After the outbreak of the revolution and the emergence in public of voices which had hitherto been secret, there are now ten cultural associations in Tunisia aimed at preserving and promoting Amazigh language and culture.

For all that, the most important document in the country, namely the new constitution, which was ratified by parliament in 2014, made no reference to the Amazigh dimension whatsoever. In fact, the constitution specified Tunisiaʹs "cultural and historical belonging to the Arab and Islamic nation". Moreover, it mentioned the Maghreb Union as "a step towards Arab unity", in contrast to the new Moroccan constitution, which states:

"The Kingdom of Morocco is a sovereign Islamic state, enjoying national unity and territorial integrity, maintaining the cohesion and diversity of its national identity and united by the sum of all its component parts, Arab, Islamic, Amazigh, Sahrawi and Hassani and enriched by its African, Andalusian, Hebrew and Mediterranean heritages". Clause 5 affirms that "Amazigh is also an official language, a common asset of all Moroccans without exception".

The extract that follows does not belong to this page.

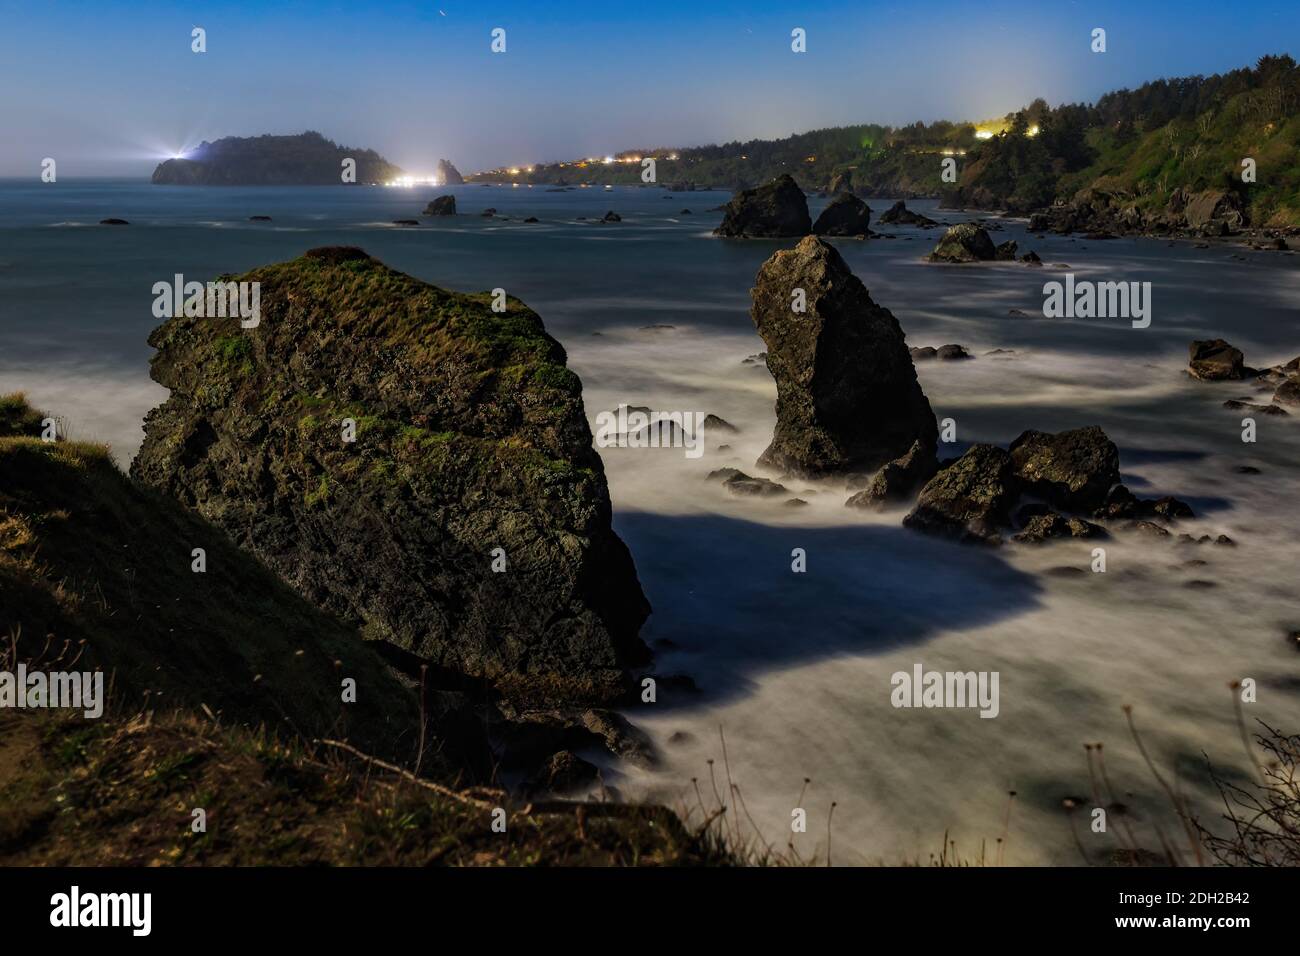 Mondschein Nacht Bild von einem Rocky Beach, Nordkalifornien Küste Stockfoto

It is worth mentioning that the writer of this piece tried to contact the Tunisian Ministry of Cultureʹs spokesperson, but without success.

Hisham Ghrairi, who left the country after losing his job as a tour guide, says that the two former regimes stripped the Amazigh people of "their most beautiful possession", namely their culture. Will the coming years see its revival?